Open source innovator and SNORT® creator, Sourcefire, Inc., a network intrusion prevention solution provider, announced its latest industry-changing technology, Sourcefire RUA™ (Real-time User Awareness), delivering powerful user identification capabilities to speed incident containment, enhance control, eliminate manual efforts and associated costs, and improve security decision-making.
The latest addition to the Sourcefire 3D™ System, RUA will enable customers for the first time to correlate threat, endpoint, and network intelligence with user identity information, equipping them to identify the source of policy breaches, attacks, or network vulnerabilities immediately. By linking network behaviour, traffic, and events directly to individual users, Sourcefire RUA will empower administrators to mitigate risk, block users or user activity, and take action to protect others from disruption – tightening security without hindering business operations or employee productivity. These capabilities also will significantly improve customers’ audit controls and enhance regulatory compliance.
“Sourcefire is dedicated to providing customers with innovative solutions to complex real-world issues, and RUA is the latest industry-altering technology to fill what has been a significant hole in companies’ security strategies,” said Martin Roesch, Founder and CTO of Sourcefire and creator of Snort.
“Building on Sourcefire innovative network awareness, we are now providing our customers with the same level of user awareness, so that they can set and enforce policies based on exact knowledge of specific users and their activities on the customers’ networks. We believe that this is a significant advantage for any company that has implemented a network access control (NAC) strategy only to find out that they are still having network usage issues.”

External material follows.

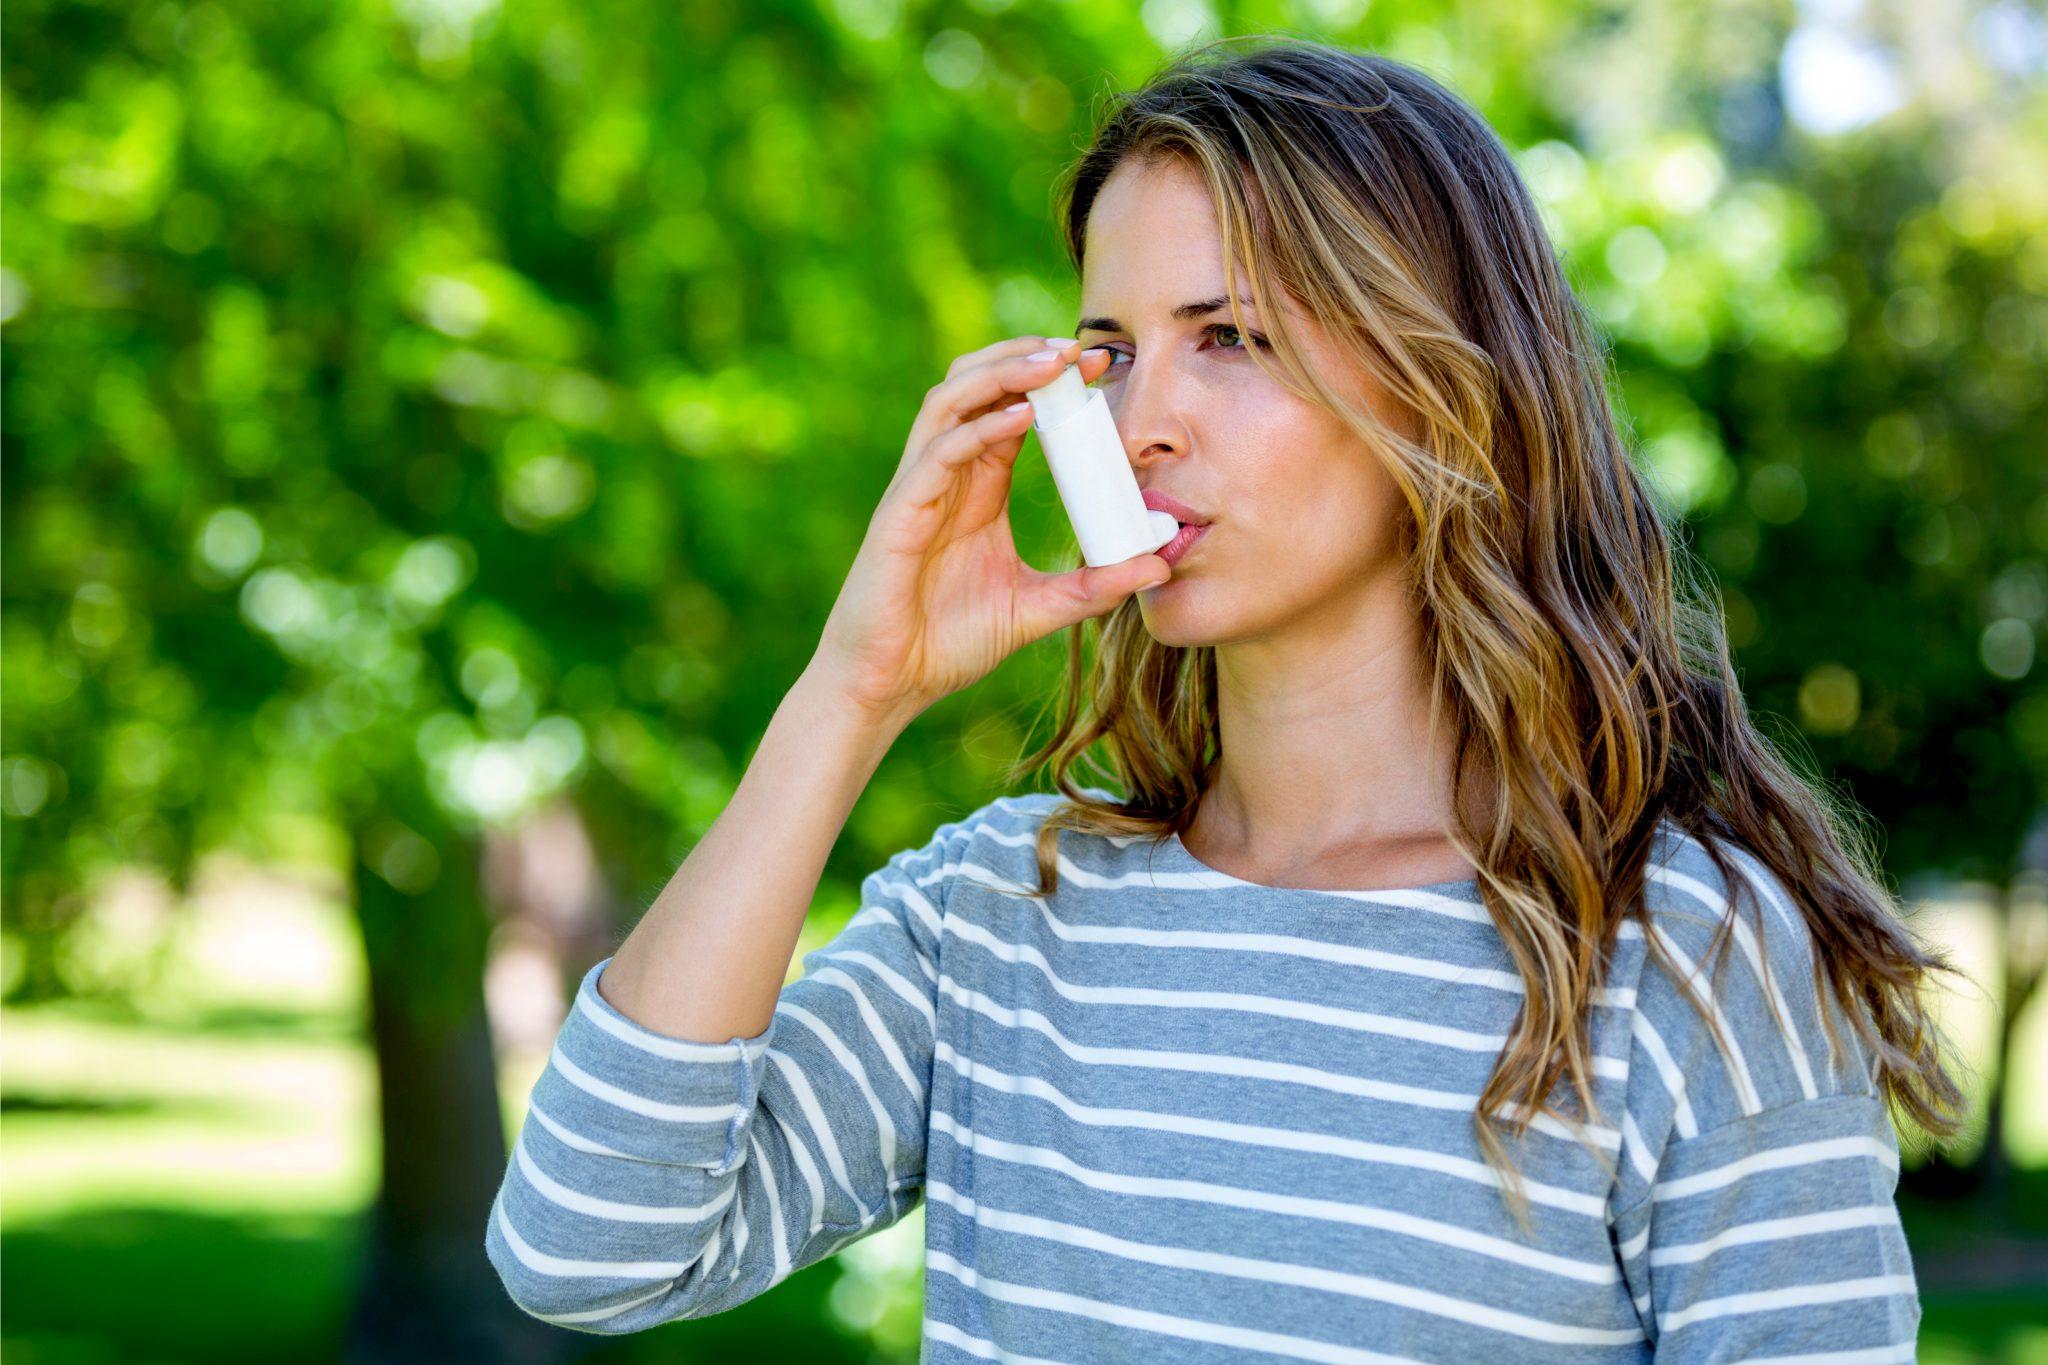 喘息の吸引器具を使っている女性

As part of Sourcefire’s integrated Enterprise Threat Management (ETM) approach, RUA allows customers to create user-based policies and response rules and to apply these policies and rules across Sourcefire’s intrusion prevention systems (IPS), network behavior analysis (NBA), NAC, and vulnerability assessment security components. As a result, RUA will enable users to implement and enforce policies specific to individuals, departments, or other user characteristics.
Sourcefire RUA delivers integrated user awareness previously unavailable, including 24x7 passive identity discovery with comprehensive user identity information capture including e-mail address, IM address, port information, and IP address. It can also identify all the IP addresses to which a user is connected, along with a time stamp to support long-time horizon analysis and forensics. With the user intelligence provided by RUA, administrators can immediately identify, list, and respond to users who continually download enormous files or run unauthorised applications.